Schieffer has worked in journalism for more than 50 years, 46 of them at CBS News. This year marks his 24th behind the desk of Face the Nation.
"Because that was where it all started for me, I wanted this to be the place, and I wanted you all to be the first to know that this summer I'm going to retire," the newsman said at the annual Schieffer Symposium at Texas Christian University, his alma mater. "It's been a great adventure. You know, I'm one of the luckiest people in the world because as a little boy, as a young reporter, I always wanted to be a journalist, and I got to do that. And not many people get to do that, and I couldn't have asked for a better life or something that was more fun and more fulfilling."

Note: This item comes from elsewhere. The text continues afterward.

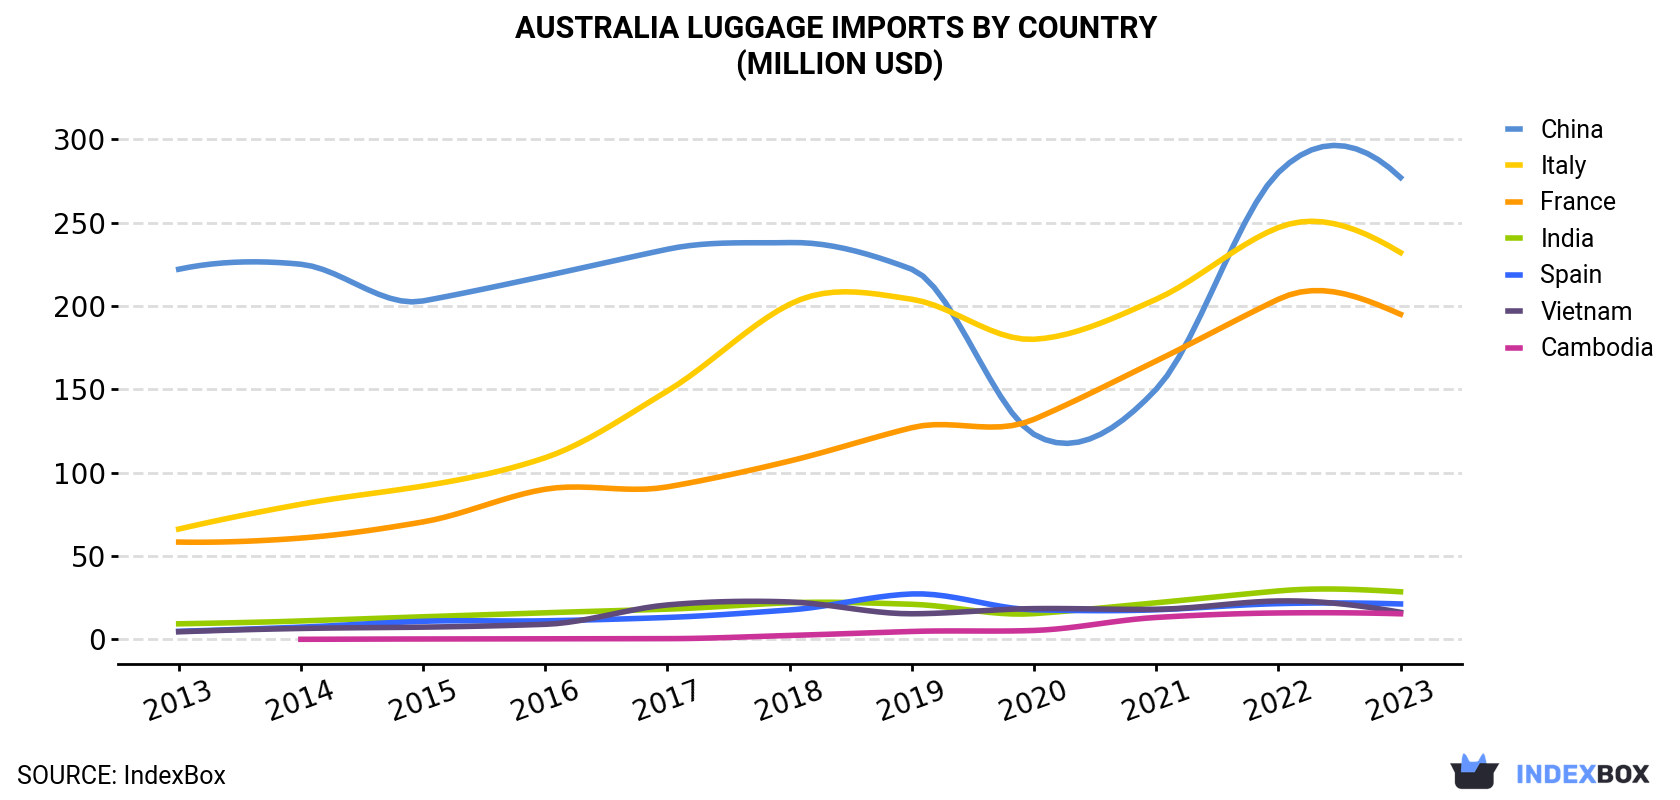 Australia Luggage Imports By Country (Million USD)

CBS News President David Rhodes praised Schieffer's legacy in a statement on CBS News, saying, "He's been an inspiration and a mentor to so many colleagues - and frankly, to me. You could see at TCU tonight how that inspiration extends to a wider community of reporters and editors and academics."
IIn his announcement, Schieffer thanked those who have helped advance his career, including Phil Record and Jack Butler at the Star-Telegram in Fort Worth, Texas, where Schieffer worked as a reporter before joining CBS News. He also thanked CBS' Bill Small, Sean McManus, Richard Salant, Jeff Fager and Rhodes, as well as CBS Chairman and CEO Leslie Moonves.
"I've never believed much in the self-made man theory; I think we all need a little help and I had a lot of help along the way," Schieffer said.
Throughout his career, Schieffer has covered all four major beats: the Pentagon, the White House, Congress and the State Department. He was named anchor and moderator of Face the Nation in 1991. He has won numerous awards in broadcast journalism, including eight Emmys and the Edward R. Murrow Award. In 2013, Schieffer was inducted into the National Academy of Arts and Sciences Hall of Fame.
Schieffer also anchored the Saturday edition of the CBS Evening News for 23 years.